Utopia da nossa geração

Precisamos fugir do pessimismo atual que enquadra como ingênua qualquer pessoa que tenta algum tipo de ação diante de um sistema político ultrapassado

por Alê Youssef em

"A utopia está lá no horizonte. Me aproximo dois passos, ela se afasta dois passos. Caminho dez passos e o horizonte corre dez passos. Por mais que eu caminhe, jamais alcançarei. Para que serve a utopia? Serve para isso: para que eu não deixe de caminhar." Eduardo Galeano

A utopia enquanto força motriz de um processo de busca por um futuro diferente. É o que nos sugere a frase do genial e saudoso Eduardo Galeano (1940-2015). Diferente daquele objetivo estático e ideal a ser alcançado, leva em conta a necessidade do processo, de sempre se saber parte de um contexto social e jamais deixar de lado o sonho e a esperança na transformação de realidades.

Pensar dessa forma no atual contexto político pode ser uma alternativa para fugirmos do pessimismo que enquadra como ingênua qualquer pessoa que tenta algum tipo de ação diante de um sistema político praticamente travado e que necessita de uma profunda reforma. O que quero dizer é que precisamos iniciar o quanto antes, e de forma consciente, o caminho em direção ao horizonte da reinvenção da democracia – que, em última análise, é a busca pelas bases de uma nova forma de fazer política –, uma vez que o atual sistema vive uma crise de representatividade que chega a um ponto agudo.

Pesquisando sobre o assunto para minha dissertação de mestrado em filosofia na UFRJ, me deparei com o livro Reinventar a democracia – 5 ideias para um futuro diferente, do professor português Manuel Arriaga.

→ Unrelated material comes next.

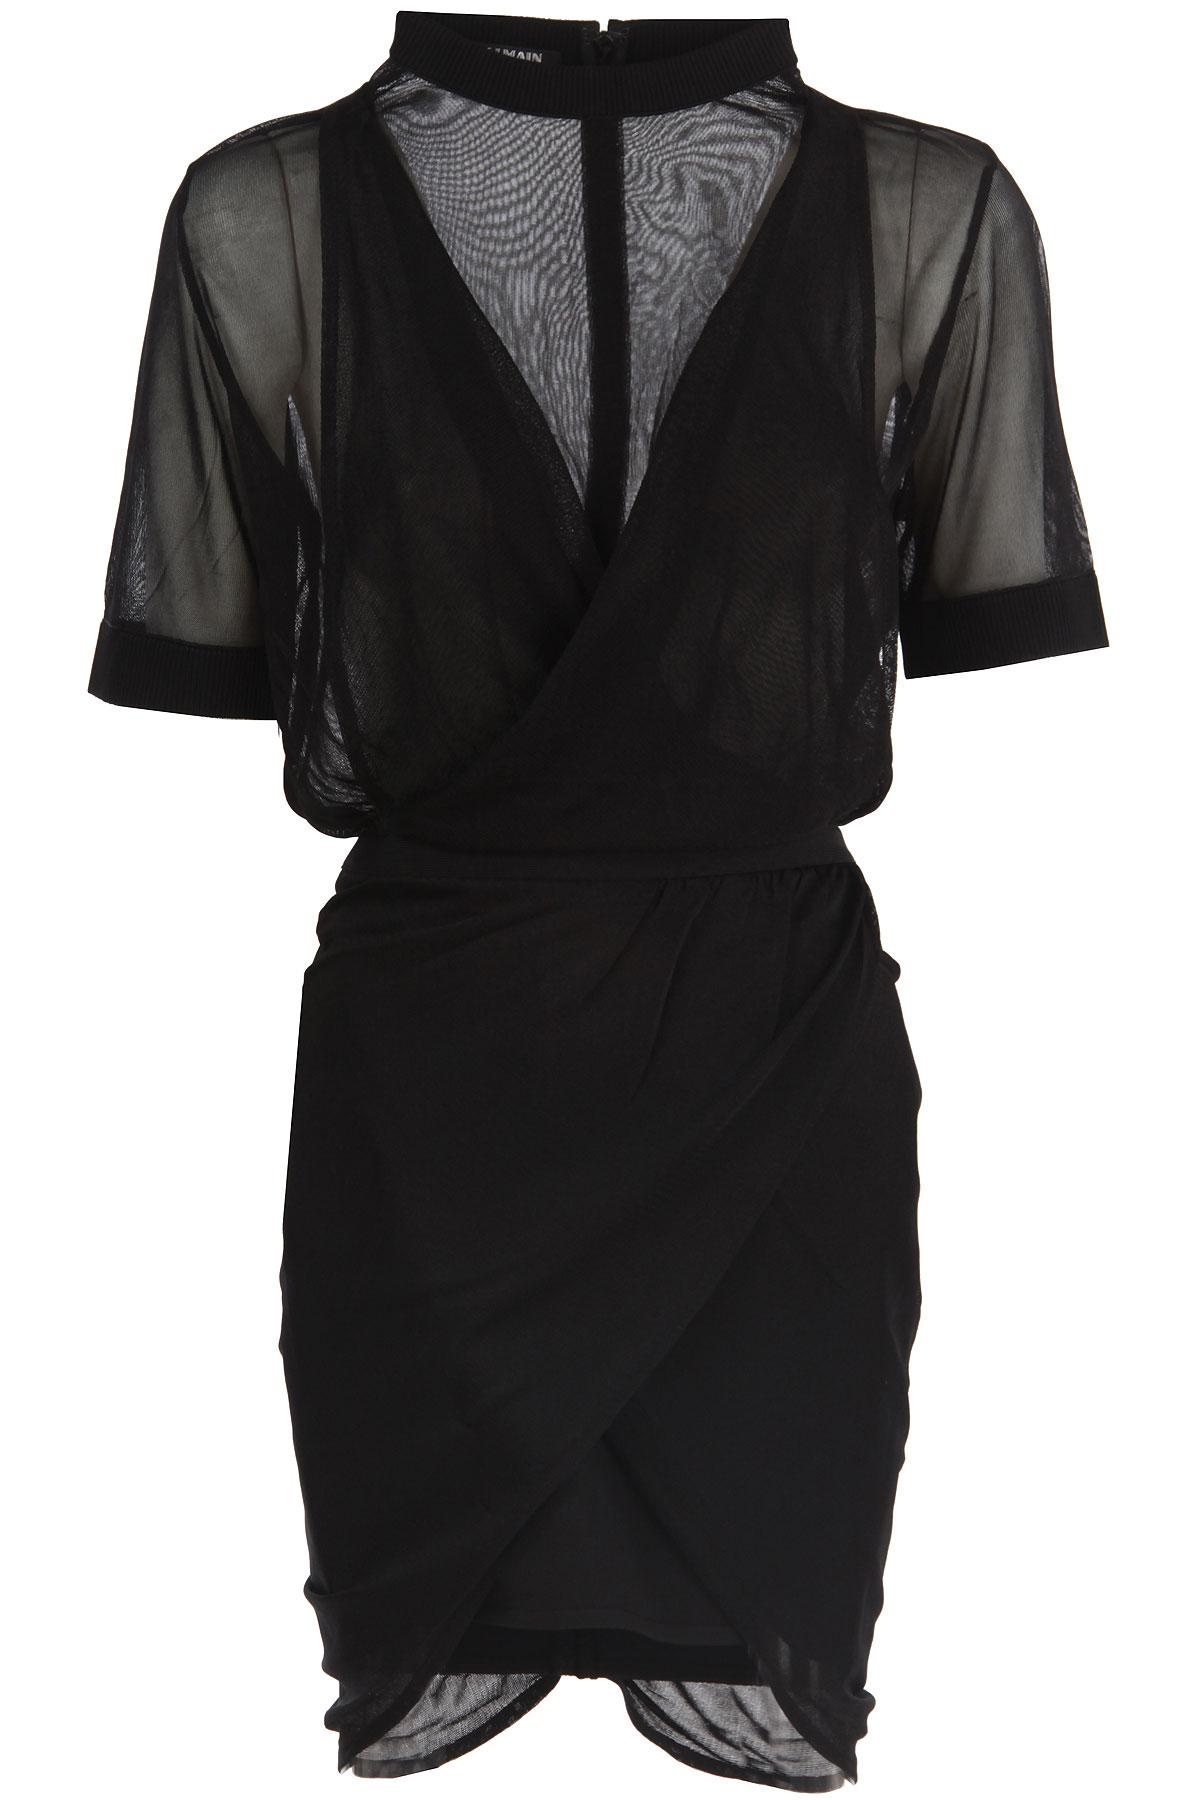 Balmain Robe Femme Pas cher en Soldes, Noir, Viscose, 2017, 38 40 XXS

Primeiro lugar de vendas na seção sobre democracia da Amazon da Grã Bretanha, o trabalho chama a atenção pela sua linguagem simples e didática e pelo foco definido: “Independentemente de quais sejam os problemas políticos que mais nos indignam, o verdadeiro problema, aquele que está por detrás de tudo, reside no fato de que nossos políticos pura e simplesmente não nos representam”.

Dentre as propostas do livro, a maioria leva em conta práticas já adotadas ao redor do mundo para aumentar o controle dos cidadãos sobre o seu governo e consequentemente garantir que este trabalhe de acordo com o interesse público. Da Grécia antiga ele propõe a deliberação cívica, em que um grupo de cidadãos é recrutado aleatoriamente (do mesmo modo como são chamados os jurados para um julgamento) e é nomeado para um mandato único e não renovável para decidir coletivamente sobre um problema político específico.

Sobre sistemas eleitorais, propõe o “voto único transferível” já usado nos parlamentos irlandês e maltês, em que o eleitor vota em uma ordem de preferência entre os candidatos e não apenas em um deles, para que o voto seja sempre válido. Ele defende a adoção do modelo francês de financiamento eleitoral, que impede qualquer participação do capital privado. O autor lista ainda a experiência adotada na Suíça e no estado americano do Oregon de implantar um sistema de referendos para sujeitar ao voto popular projetos governistas que encontram resistência na população.

RISCO DE EXTINÇÃO

Por fim, Arriaga propõe a incorporação de mecanismos que nos permitam pensar a longo prazo sobre assuntos-chave para reduzir o nosso risco de extinção por causa da insensatez nos campos ambiental, econômico e social. Esse ponto é o mais desafiador, pois impõe uma mudança de paradigmas na reflexão atual. É nesse contexto que temas como o papel da tecnologia e do pensamento sustentável na prática política, por exemplo, devem entrar na reflexão sobre nosso futuro.

Chamo a atenção para o fato de que as propostas do Reinventar a democracia não tenham ligação com as noções tradicionais de “direita” e “esquerda”. A distância desses polos ideológicos é presente não apenas no livro do professor português, mas em outros que pipocam sobre a crise da democracia representativa pelo mundo. A procura de novas formas de fazer política é saída para abrirmos nossas cabeças para outras alternativas, diferentes das mesmices que não conseguem mais refletir o que acontece no mundo atual. Talvez essa busca – evocando o horizonte de Galeano – seja a utopia da nossa geração.